Personally, while in extreme cases I can find white women attractive on a purely physical scale, I usually don't. I see it so much that it gets boring. In fact, that's how my attraction usually works. I want something new. I've seen people of my race all my life. Ok. been there, done that. I've been drowning with White people. What else is out there?
Now, the rub is that I'm apart of a culture that white people vastly make the number of. So, while I'm not usually physically attracted to the girls I end up liking, I just happen to like them because their personalities are amazing and being just friends is not an option for me. It tends to hurt when someone says 'Wow, you do have a great personality. But you just happen to fall under a group of those I don't find desirable. If only you were a white guy'
And yes, I've had that real discussion plenty o' times.

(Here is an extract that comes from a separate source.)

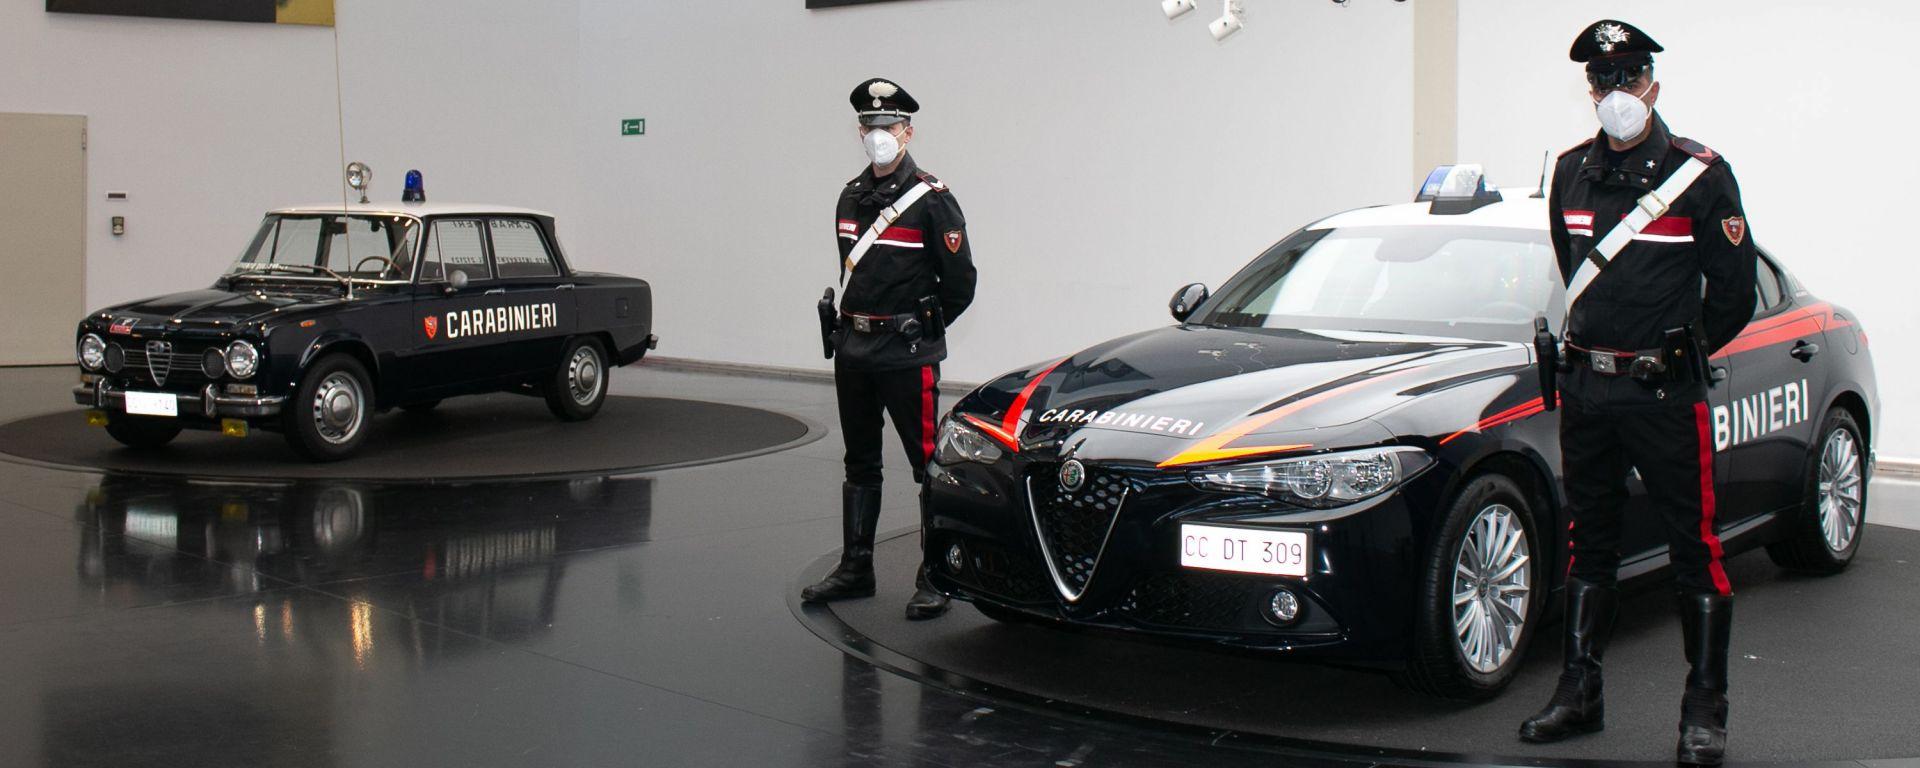 Alfa Romeo Giulia Radiomobile: la nuova Gazzella dei Carabinieri

Now, as one of the only token ethnic geeks who has admitted being so in this thread, I'll hazard what a few of my other token geek friends and I have discussed with our white geek friends when we talked about this; We're already seen as a skin color. I'm six foot two, I'm a personal trainer by trade, and I'm black. Also, I can out game most in any form of Warhammer, I collect video game trivia like it was the only way to keep me alive, and I'm a Browncoat for life. People have a hard time connecting the two.
And that's just regular people. I couldn't give two licks about them. But it's my own culture that still treats me like a leper. I can't tell you how many geek homes I've walked into and had to prove my geekdom because 'I didn't look the part'. That gets tiring. And, you know, you might want to have a mate with your similar interests. That's always nice. But alas, most white geeks either look for other white geeks or asians because they are the acceptable exotic.
I'm proud of my geekdom. Is it really that much to be seen as a geek first and everything else last?